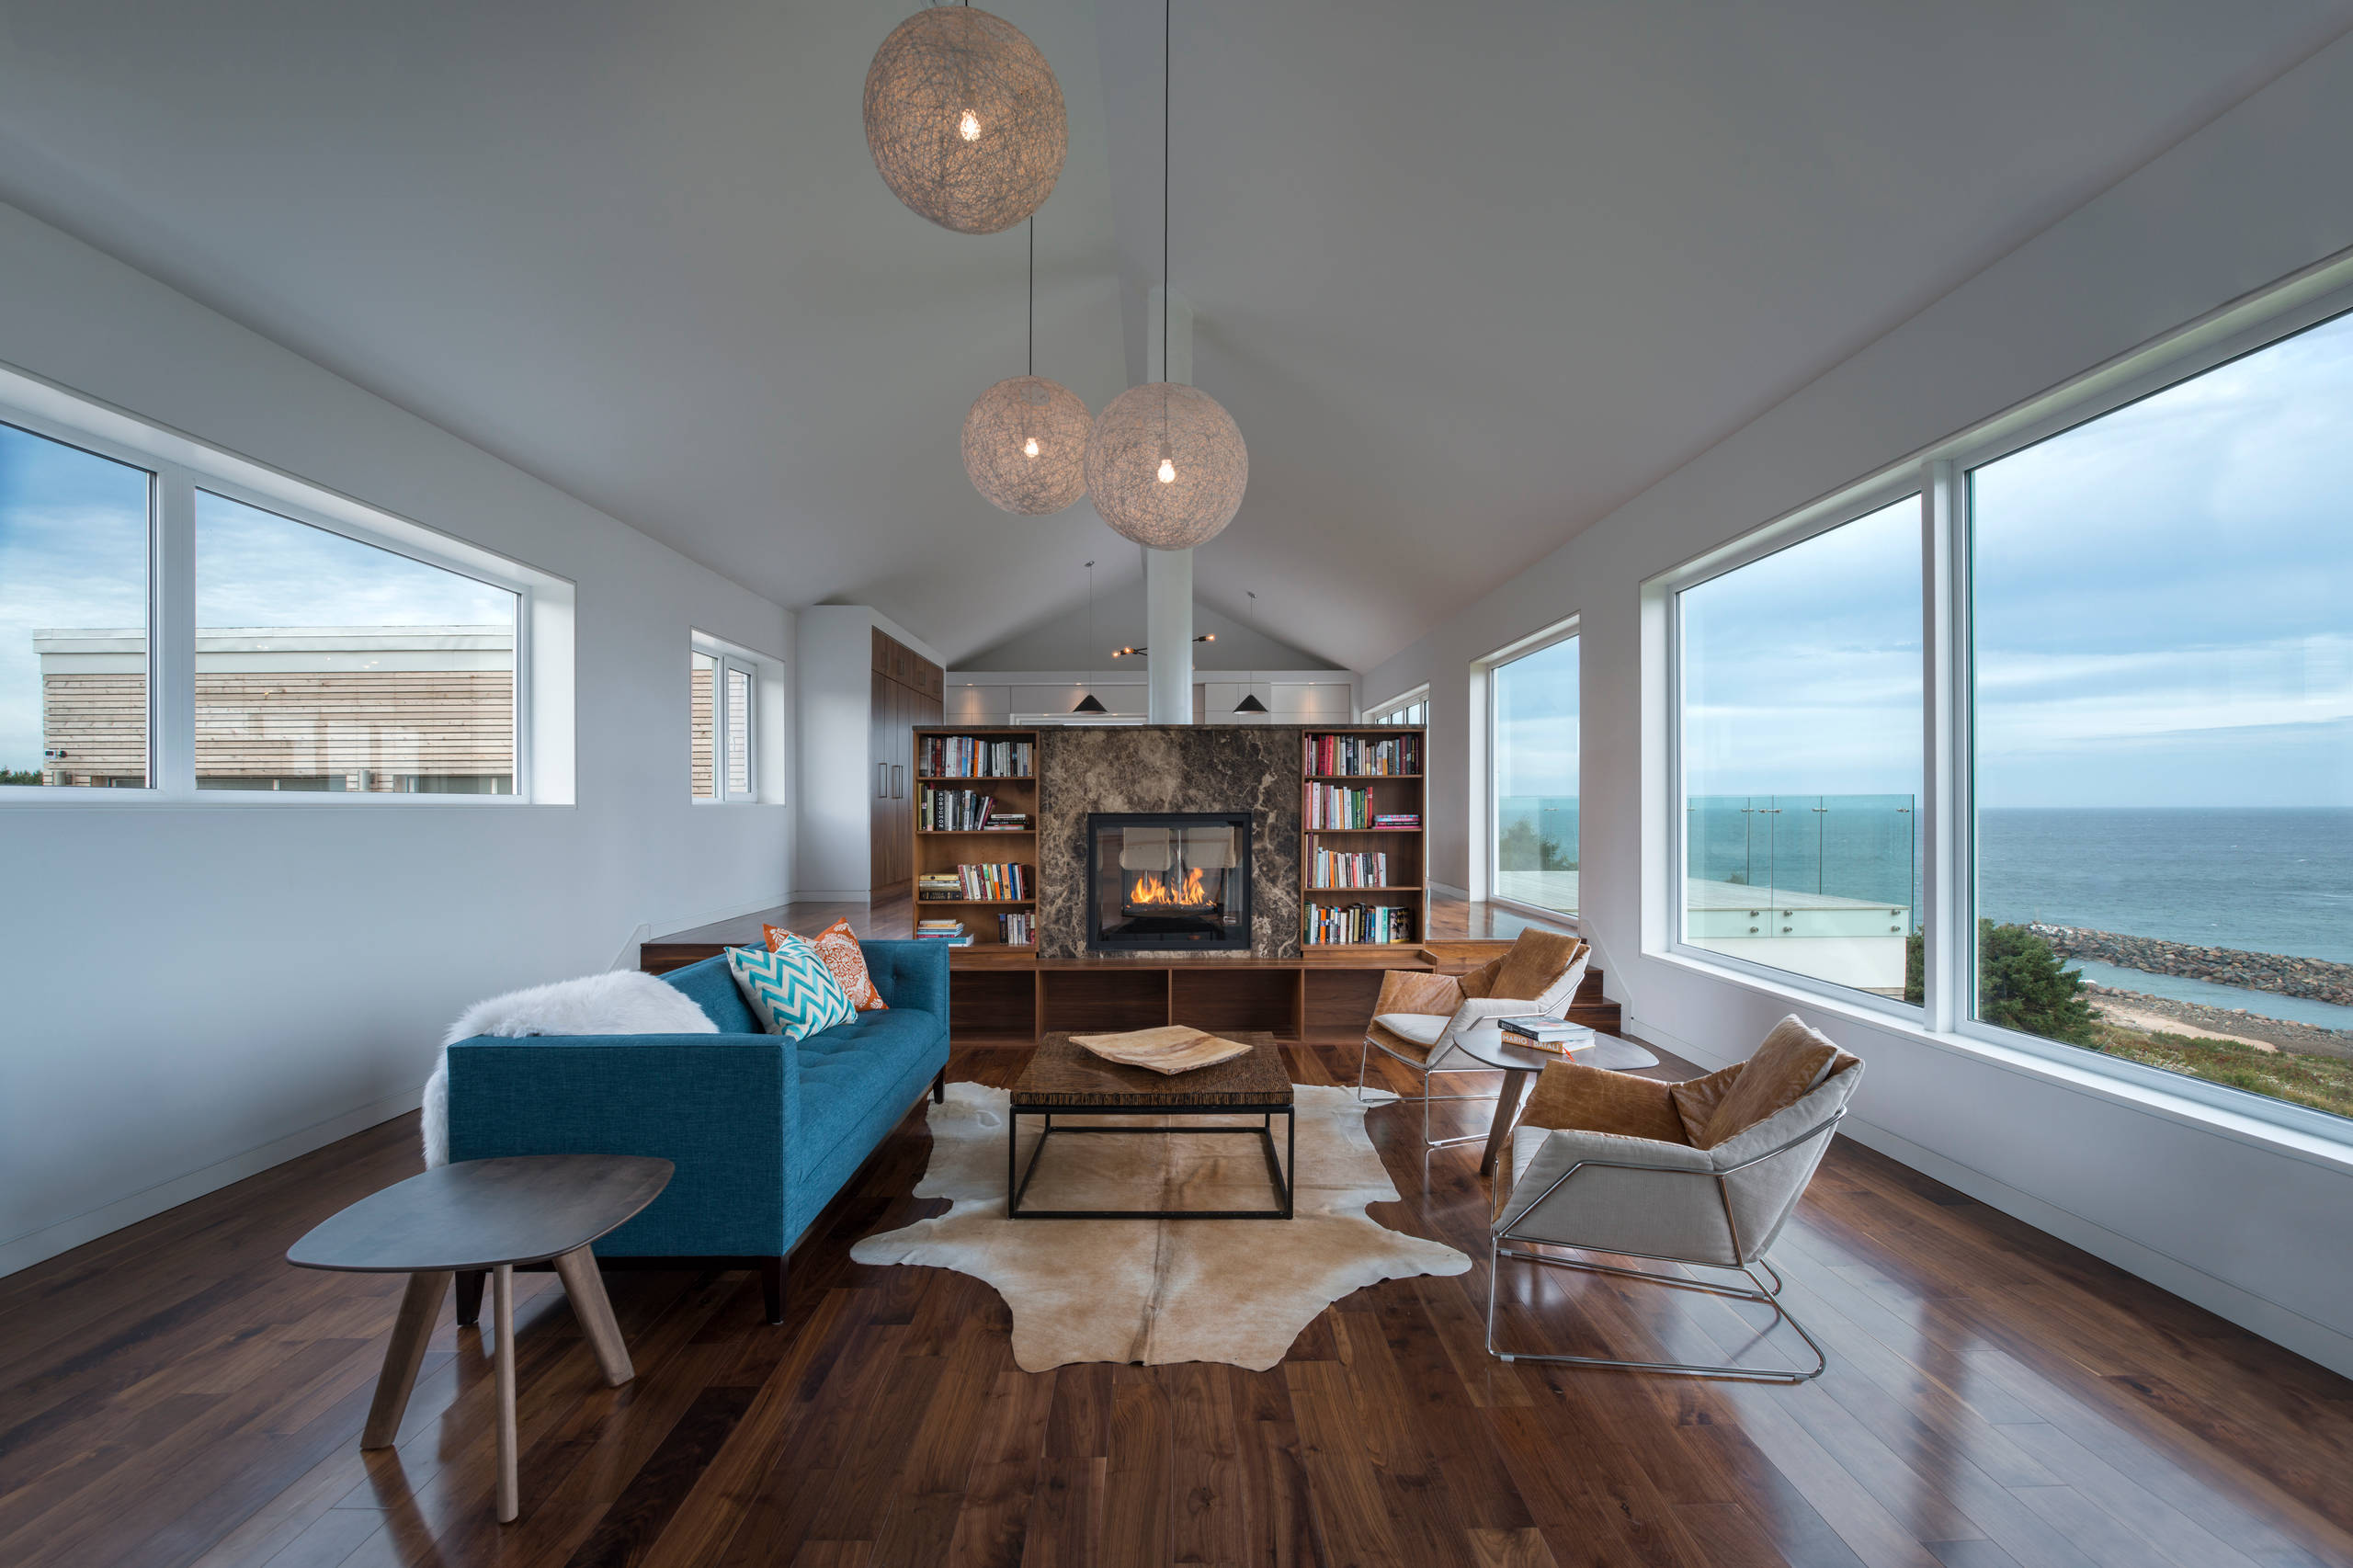 Jill Greaves Design in collaboration with Omar Gandhi Architect.  A multi-level, residential retreat complete with full-length cathedral ceiling, hardwood floors and panorama views.  A central hearth,
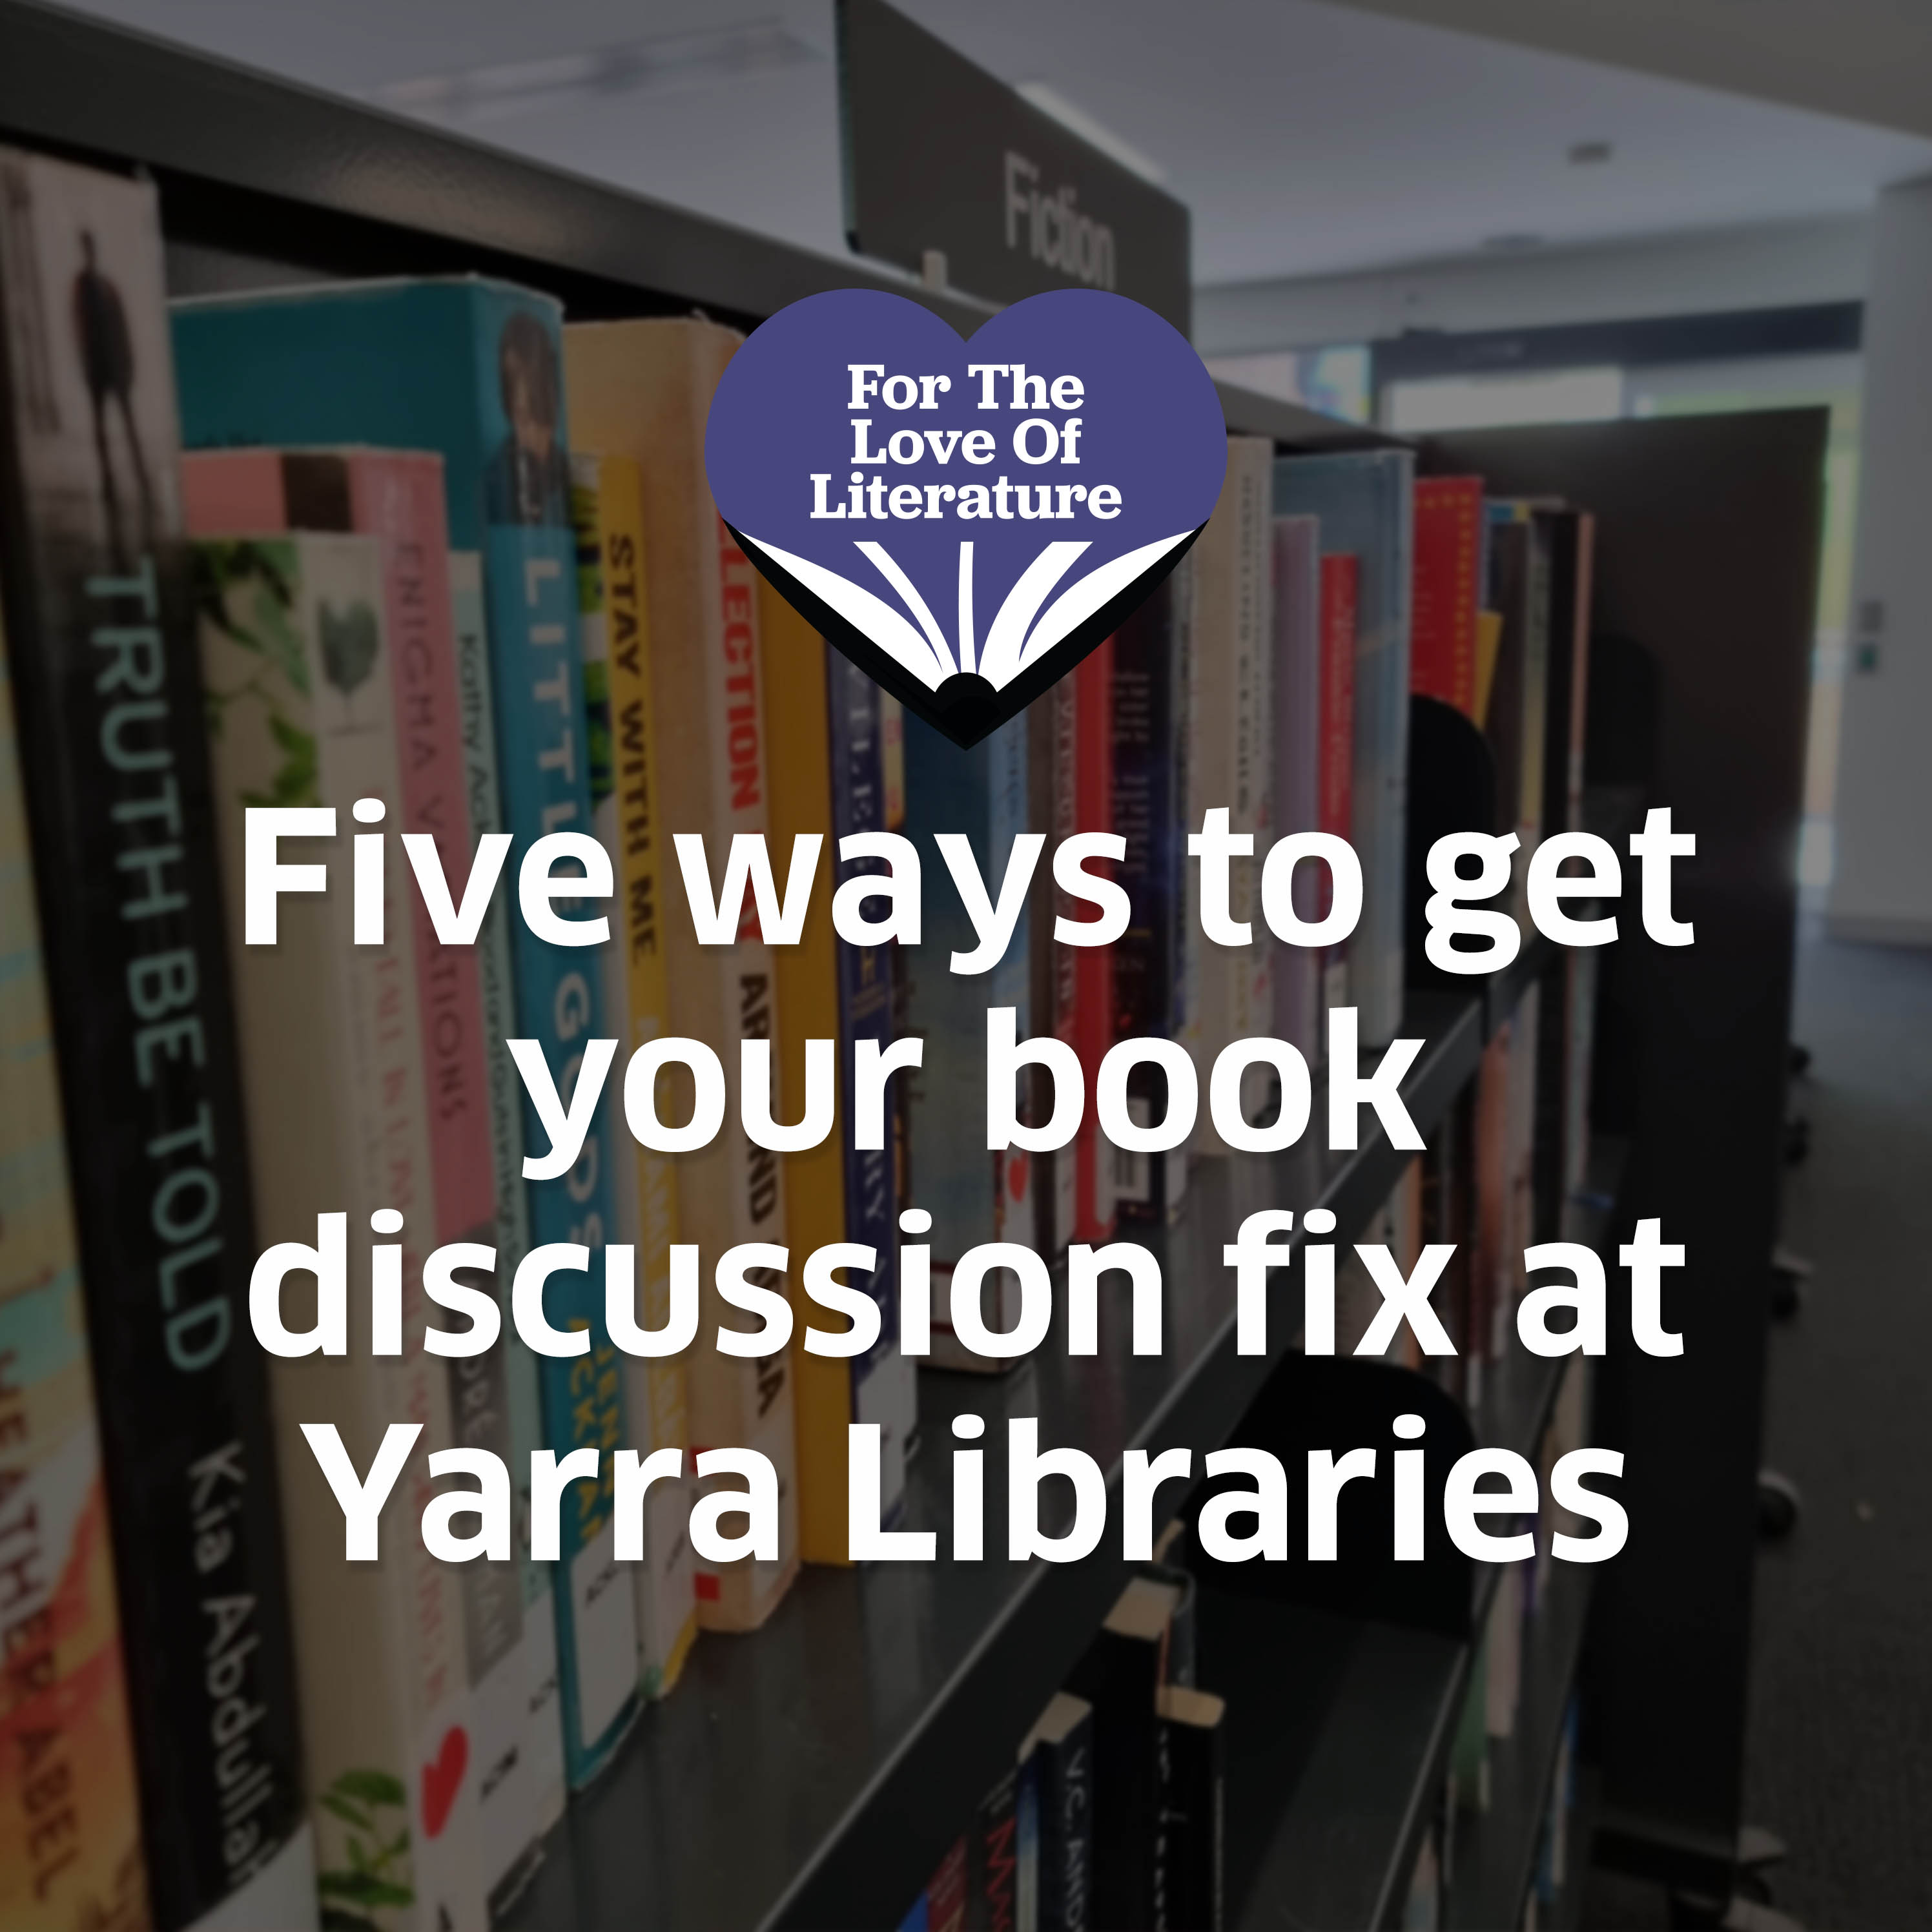 A darkened photo of a library shelf has superimposed text reading "Five ways to get your book discussion fix at Yarra Libraries". There is a purple heart logo above that reads "For the love of literature"
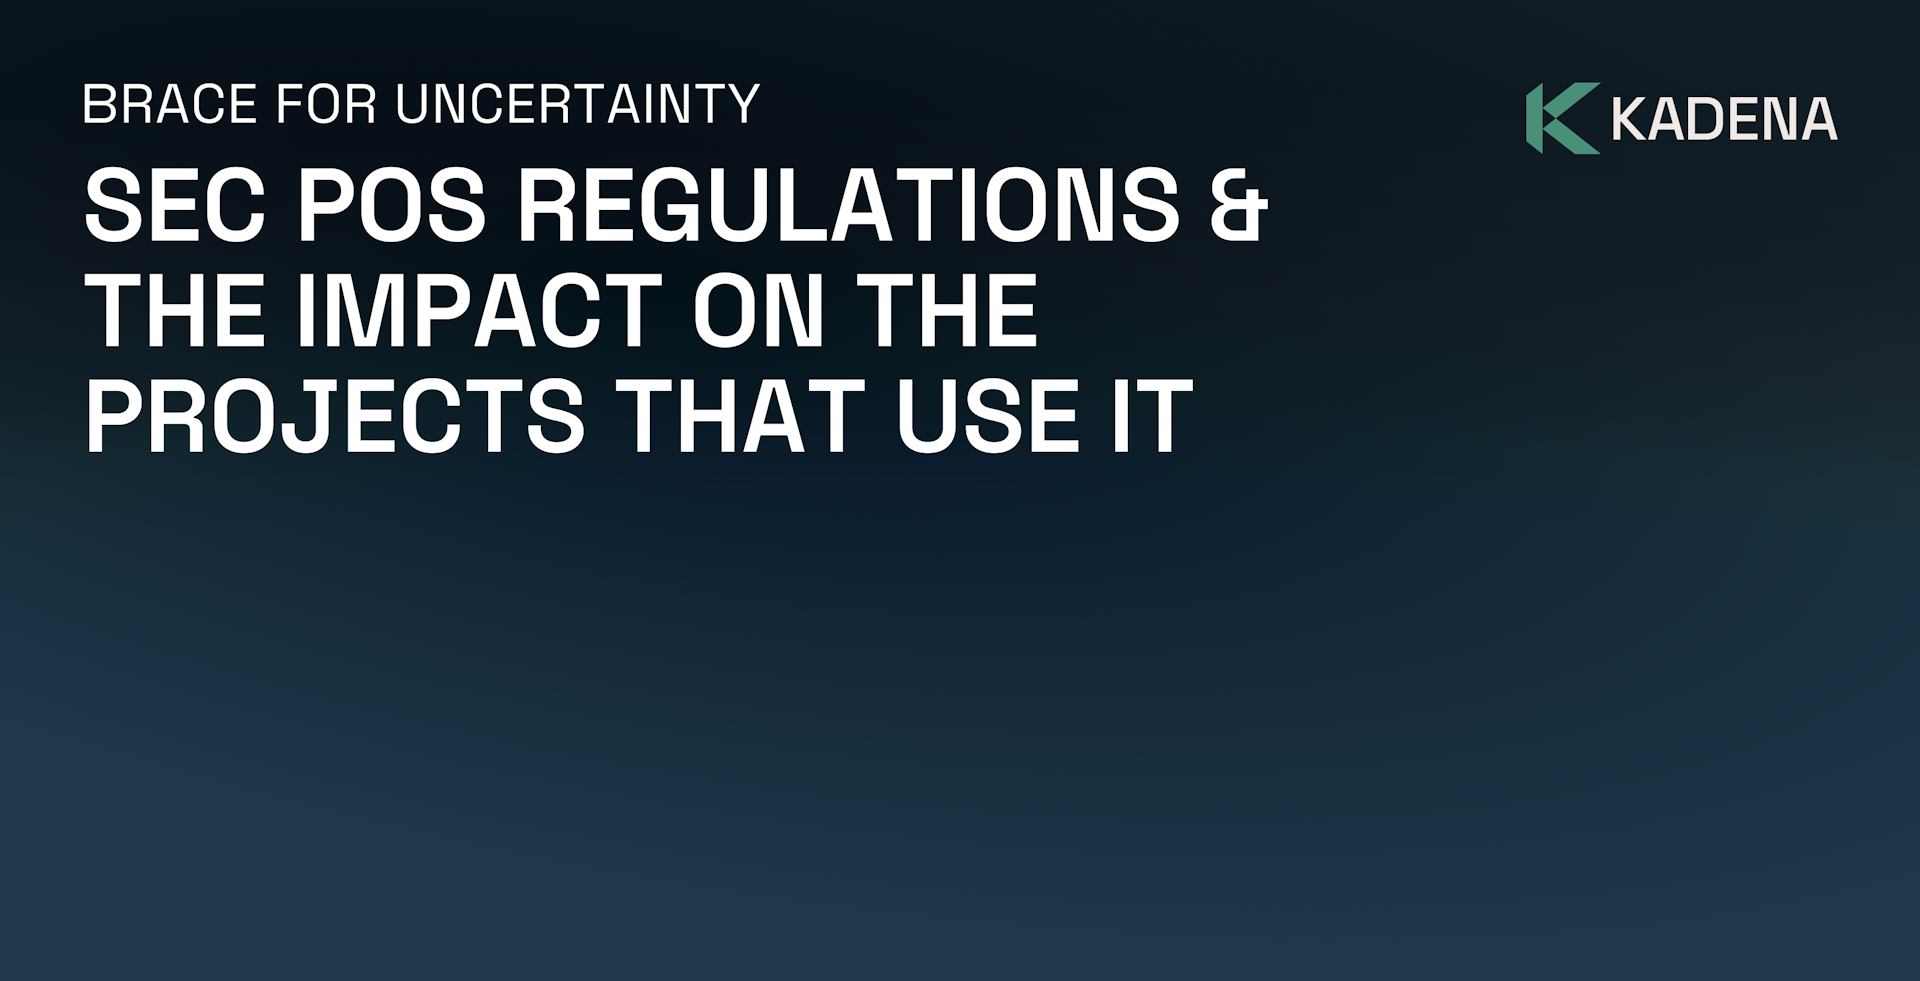 Bracing for Uncertainty: SEC PoS Regulations and The Impact on Projects That Use It

● **WHAT NEEDS TO BE DONE**
What you output must match the data exactly, apart from the pictures, which are left out.

● **RESPONSE BOX**
 Jill Greaves Design in collaboration with Omar Gandhi Architect.  A multi-level, residential retreat complete with full-length cathedral ceiling, hardwood floors and panorama views.  A central hearth,
 A darkened photo of a library shelf has superimposed text reading "Five ways to get your book discussion fix at Yarra Libraries". There is a purple heart logo above that reads "For the love of literature"
 Bracing for Uncertainty: SEC PoS Regulations and The Impact on Projects That Use It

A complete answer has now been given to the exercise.